As someone who dabbles in and has a deep appreciation for the maker communities that Stray references, I like the idea of infusing journalism with a maker ethos. To be sure, there are those out there who already embody the values that Stray describes – he mentions one in his blog post and I can think of a number of others, both organizations and individuals. But I am left wondering, how do we create a cultural shift, or take advantage of the cultural shift already occurring in newsrooms, to better equip and inspire people to do that kind of journalism Stray describes?

At the root of Stray’s “journalism for makers” is a way of thinking, not just a way of doing. Stray’s whole point – made clearly in the passage quoted above – is that the most critical issues facing our communities, our country and our world are problems of systems. What Stray appreciates about maker culture is the willingness to become experts of a system, and then use that expertise to change the system. Like the maker culture that Stray emphasizes, “systems thinking” is focused on problem solving and emphasizes the relationships between parts of a system.
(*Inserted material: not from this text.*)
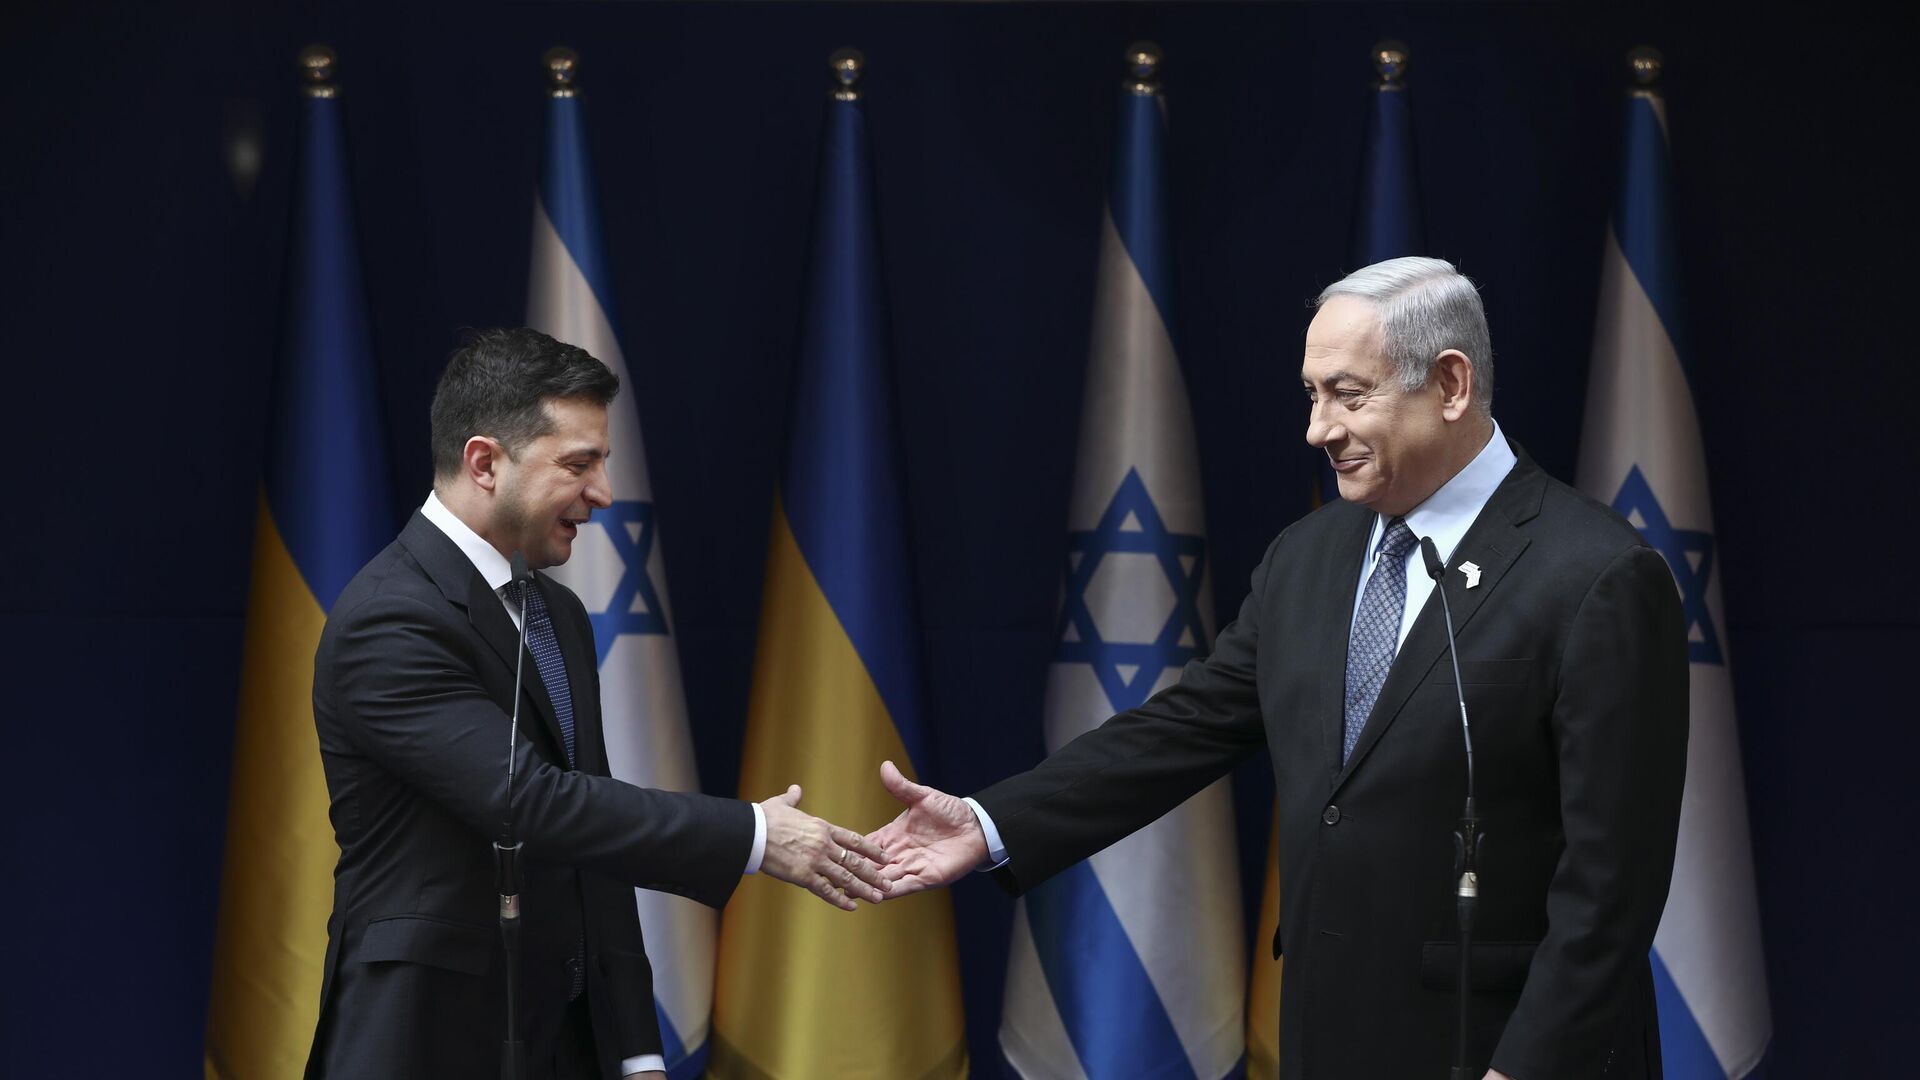 Премьер-министр Израиля Биньямин Нетаньяху (справа) и президент Украины Владимир Зеленский обмениваются рукопожатием во время встречи в Иерусалиме в пятницу, 24 января 2020 г. - ИноСМИ, 1920, 19.11.2023

Some within journalism have started to make the shift towards systems thinking. Take for example the increased interest in mapping and understanding a community’s “news ecosystem” and the growing trend of networked journalism projects.

Nonetheless, it’s worth considering another field that has already made the shift towards an epistemology of systems: ecology. For a long time, environmental science and activism, was rooted in specialization and specificity. However, as ecologists came to understand the deep interconnections and relationships in the natural world, they were forced to shift from thinking in categories to thinking in systems. This shift is perhaps best represented by “watershed” science that explores all the human and man-made systems which intersect with a community’s water source.

The Center for Ecoliteracy notes, “Thinking systemically requires several shifts in perception, which lead in turn to… different ways to organize institutions and society. These shifts are not either/or alternatives, but rather movements along a continuum.” They lis six shifts in perception that are necessary to think in terms of systems, and many have resonance in the shifting landscape of media and journalism:

  1. From parts to the whole
  2. From objects to relationships
  3. From objective knowledge to contextual knowledge
  4. From quantity to quality
  5. From structure to process
  6. From contents to patterns

A shift towards systems thinking in journalism may inspire more of the kind of journalism that Stray advocates for in his piece, but it may have another unintended consequence. I agree with Stray that as a society we need journalism that better understands, reports on and responds to social, political, economic, ecological and other systems. But for those of us concerned with the future of journalism, we have to also understand that the media is also just one such system. And in fact, even a single news organization is a complex system itself.

Too often, debates over the future of journalism, become laser focused on a single new idea or tool: an individual business model, a new gadget, a proposed government policy. Taken alone no one new idea is going to redefine journalism. It will necessarily be a network, a system of ideas, working both in concert and in opposition to each other that eventually help reshape and renew journalism. We need people who can connect the dots, and shift our perception, but we also need structures that can help us do this.

That’s why I have been so excited about some of the journalism networks that are emerging to help connect newsrooms and foster lasting change at the systemic level. One great example of this is the Block by Block network which just wrapped up its annual event this weekend. There, and on Twitter and email, journalists and news entrepreneurs take a holistic, pragmatic and decidedly “maker” approach building the next generation of community journalism. To use Stray’s words, they embody “a theory of civic participation [and/or journalism] based on empowering the people who like to get their hands dirty tinkering with the future.” Take a look at the Media Consortium’s 2009 report “The Big Thaw” for other examples of dynamic systems thinking in journalism. But we need more.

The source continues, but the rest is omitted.